DATA UNDER STUDY: Begin

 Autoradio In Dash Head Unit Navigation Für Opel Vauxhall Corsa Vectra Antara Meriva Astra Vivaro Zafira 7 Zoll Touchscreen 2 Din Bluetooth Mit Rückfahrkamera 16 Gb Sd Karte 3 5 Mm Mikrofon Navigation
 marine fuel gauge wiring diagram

DATA UNDER STUDY: End
DATA UNDER STUDY: Begin

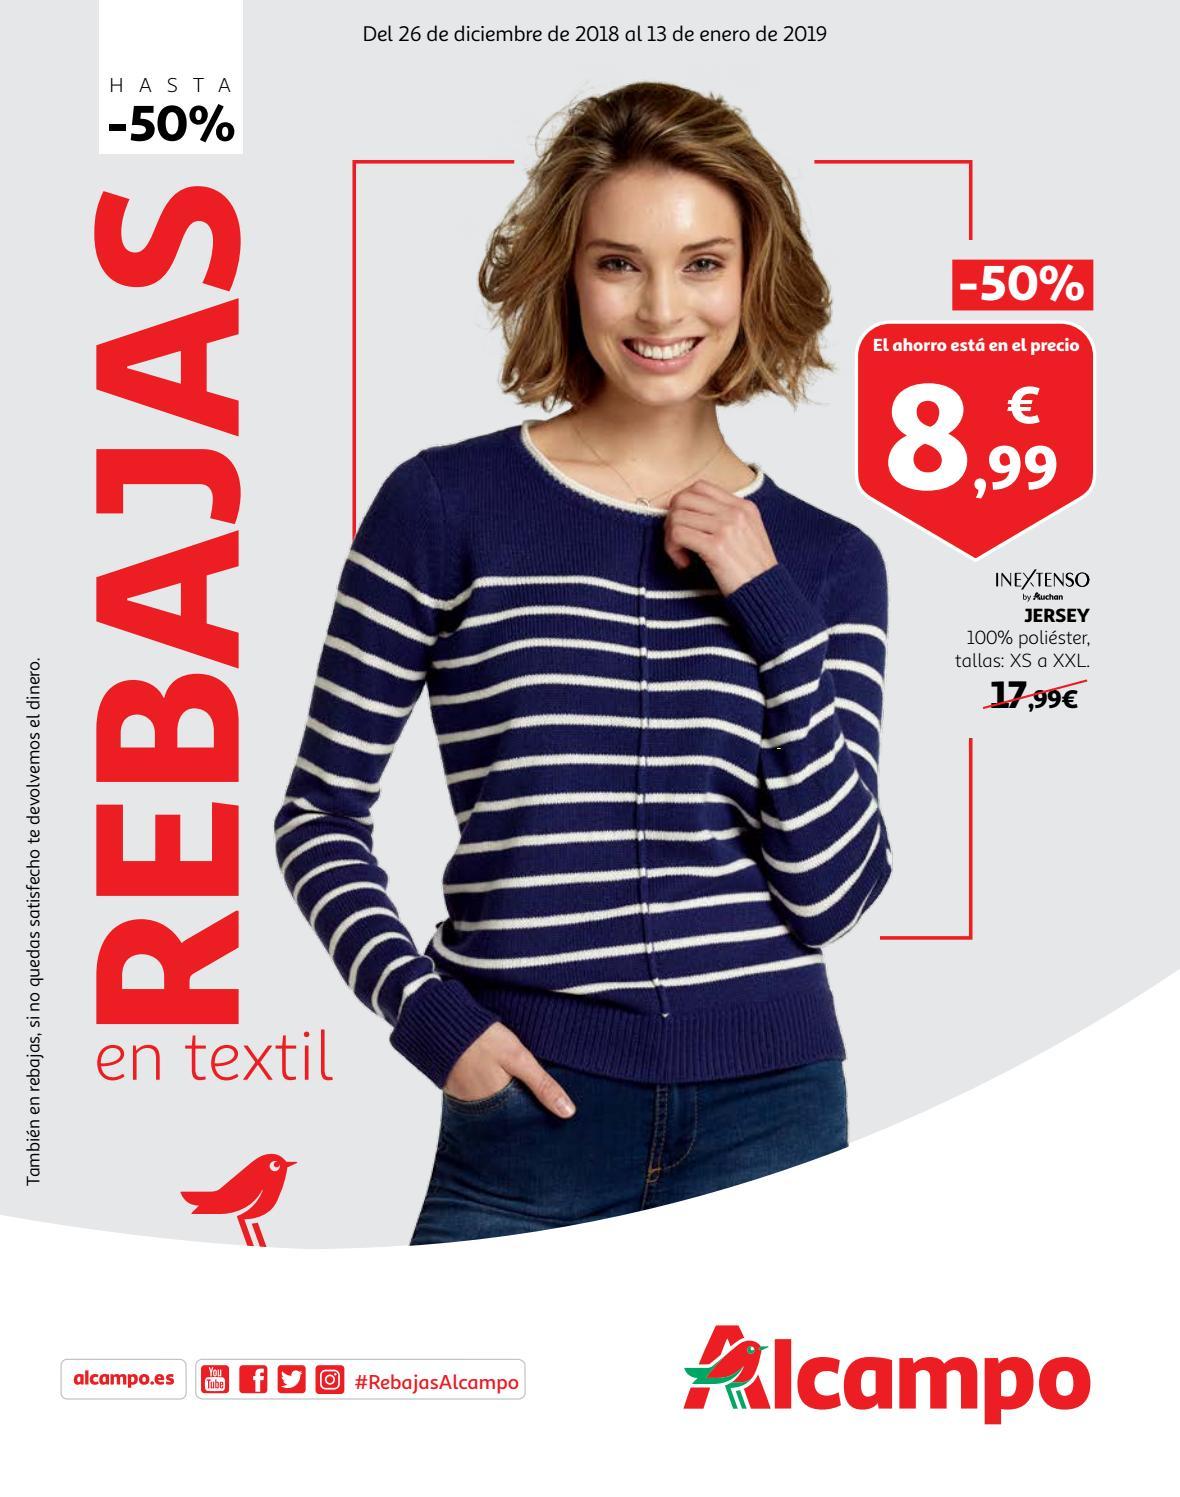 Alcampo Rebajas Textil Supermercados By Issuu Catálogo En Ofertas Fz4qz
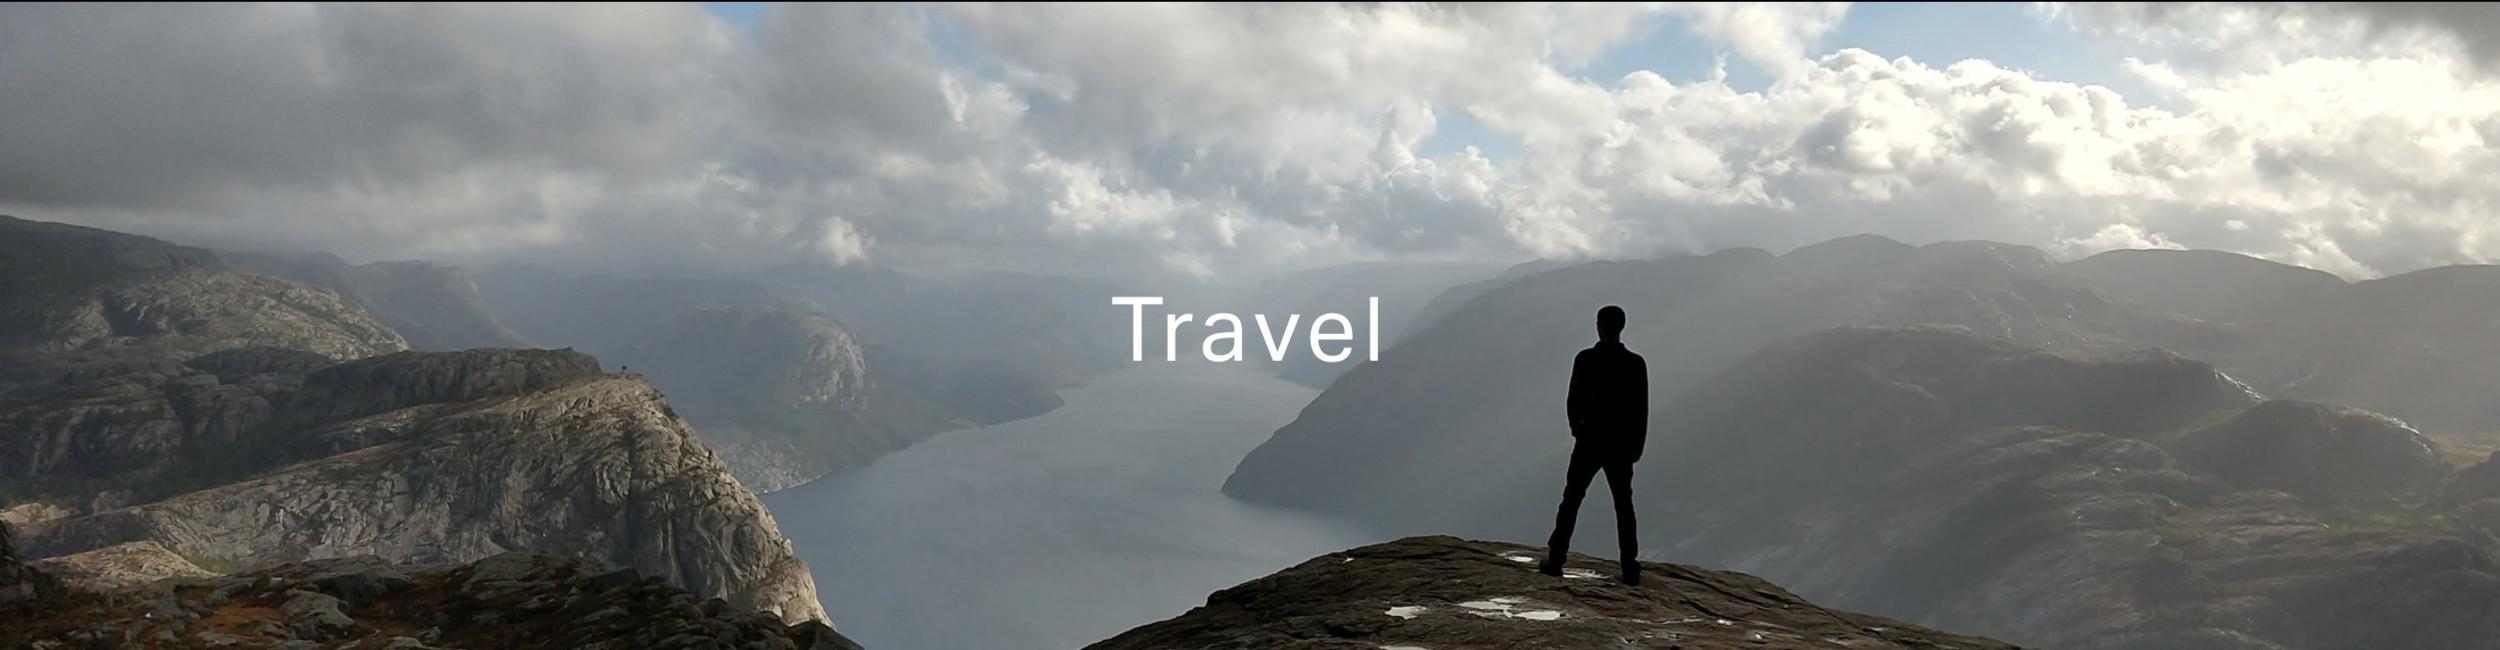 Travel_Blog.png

DATA UNDER STUDY: End

→ **EXERCISE DESCRIPTION**
I would like the exact lines from the data above, starting with the one that holds "Alcampo Rebajas Textil" and going on through the one that holds "Travel_Blog.png", without the pictures.

→ **RESPONSE BOX**
 Alcampo Rebajas Textil Supermercados By Issuu Catálogo En Ofertas Fz4qz
 Travel_Blog.png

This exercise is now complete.